James Webb Telescope
About
Overview
Launched in 2021, the James Webb Space Telescope is the largest and the most powerful space telescope ever built by NASA. It is equipped with high-resolution infrared instruments, a giant golden mirror and sunshield, allowing us to view old, distant and faint objects.
Mission objectives
- Observe into the farthest reaches of the known universe
- Search for the first stars after the big bang
- Search for potential life on distant planets
- Study our own solar system and distant ones
- better understand how planets, stars and galaxies are born and evolve over time
Features
- Golden mirror: Webb has a 6.5 meter-diameter gold coated beryllium primary mirror, made up of 18 separate hexagonal mirrors.
- Sunshield: Because of the suns intense heat, Webb has a sunshield about the size of Three yellow school buses to protect the sensitive instruments.
- Instruments: Webb has four scientific instruments onboard
- NIRCam (Near Infrared Camera) is an infrared imager
- NIRSpec (Near Infrared Spectrograph) performs spectroscopy over the same wavelength range
- MIRI (Mid-Infrared Instrument) measures the mid-to-long-infrared wavelength length
- FGS/NIRISS (Fine Guidance Sensor and Near Infrared Imager and Slitless Spectrograph), stabilizes the line-of-sight of the observatory during science observations.

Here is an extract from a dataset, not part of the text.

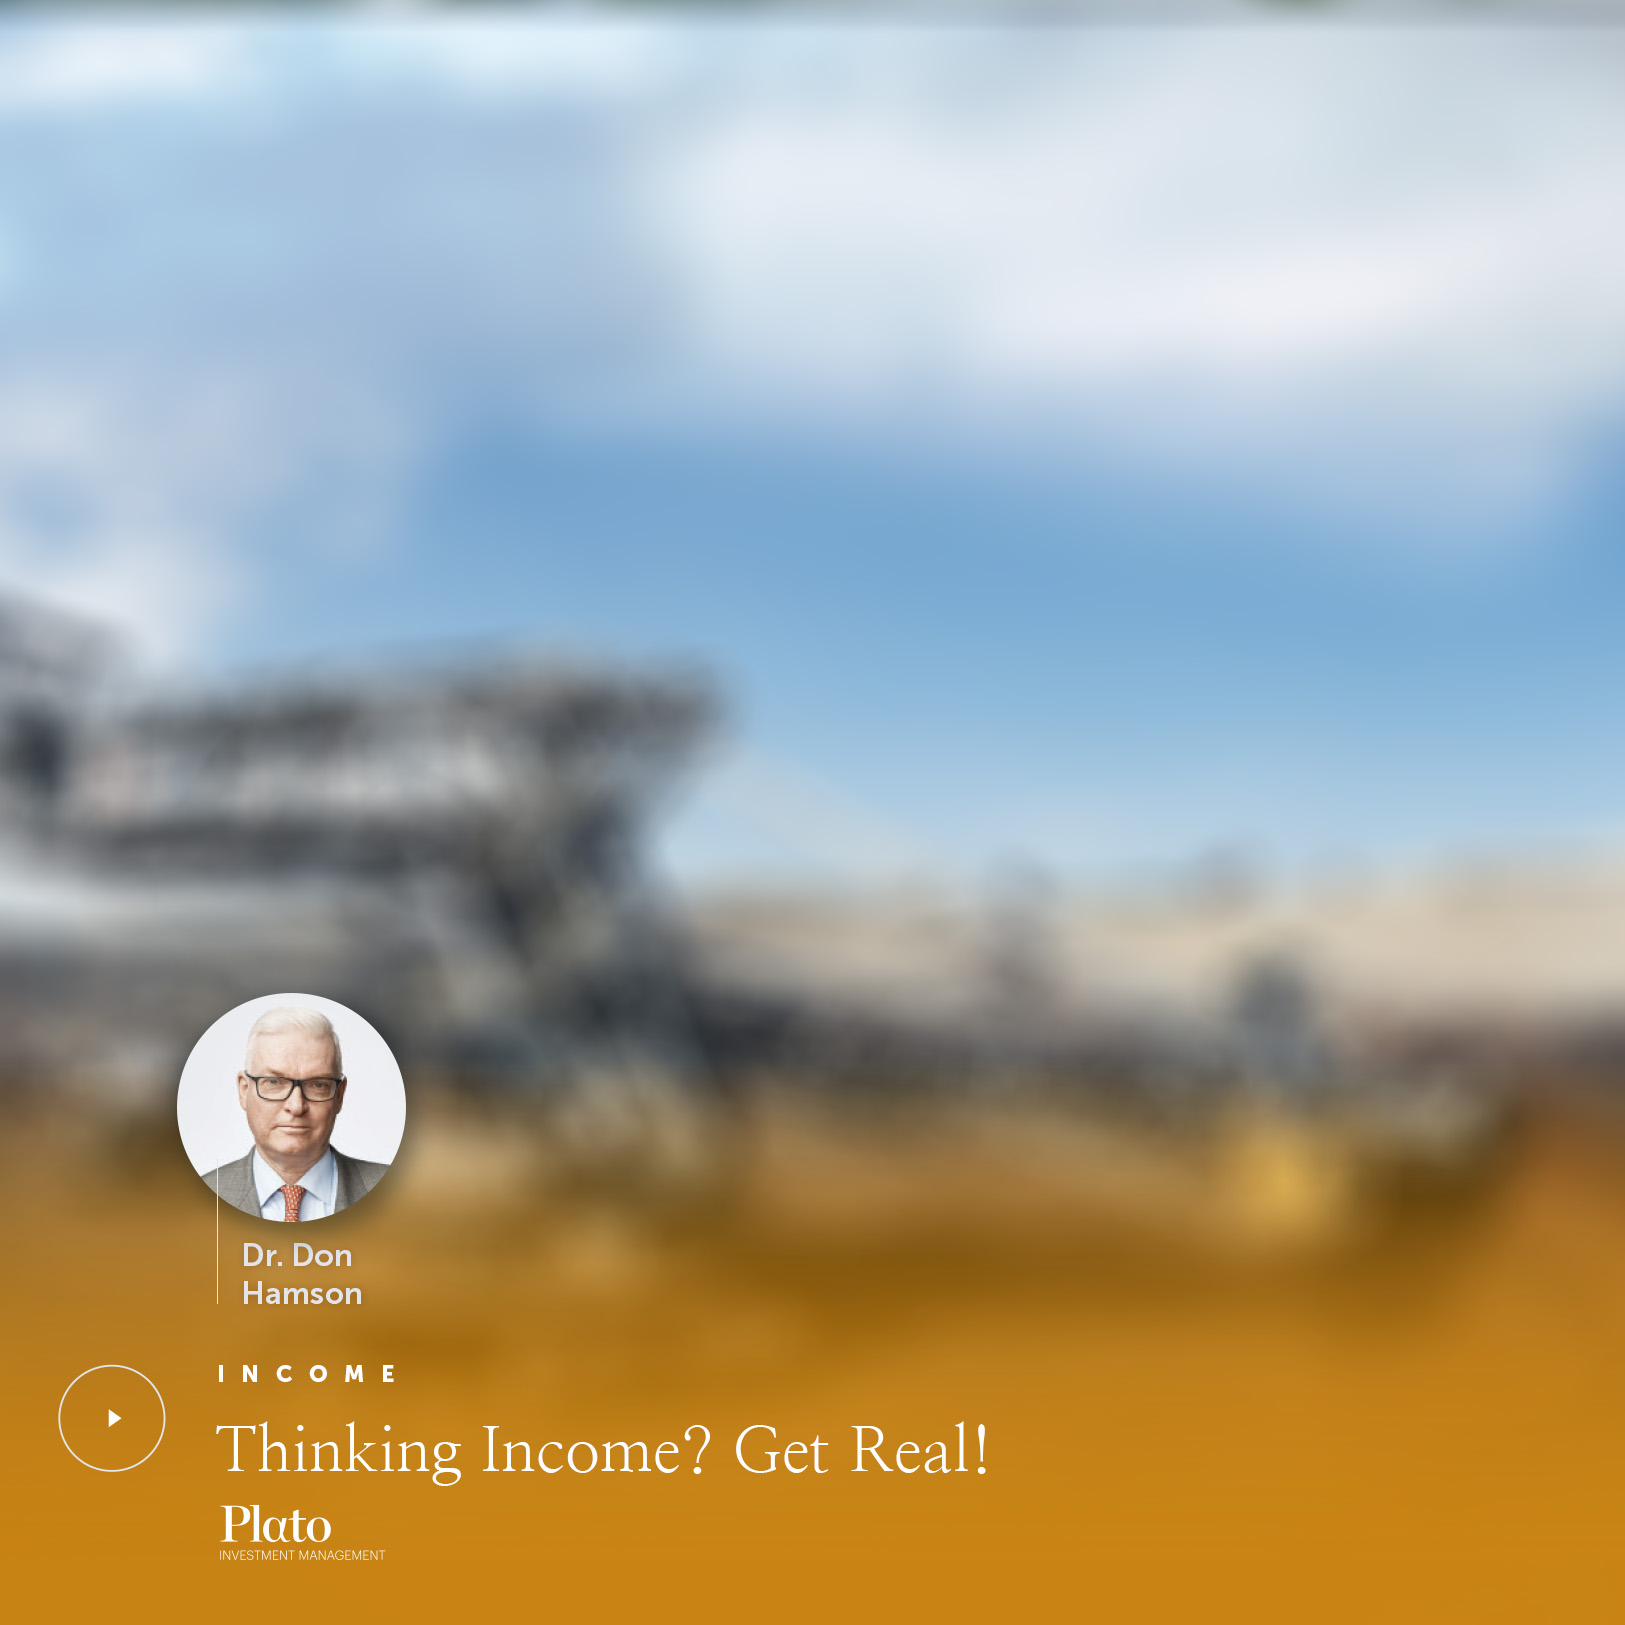 Thinking Income? Get Real!

- High frequency radio transmitter: To communicate and transmit data back to Earth

Location
Webb is located in a point of space know as Lagrange 2, or L2 for short. L2 is located 1.5 million kilometers behind the earth, away from the sun.
The reason for choosing this location is because it has an unobstructed view for Webb to look deep into space. It is an extremely stable location where Webb will continuously be aligned with the earth and have stable temperatures. Finally because L2 remains fixed relative to the earth, it will have constant communication with no black out periods.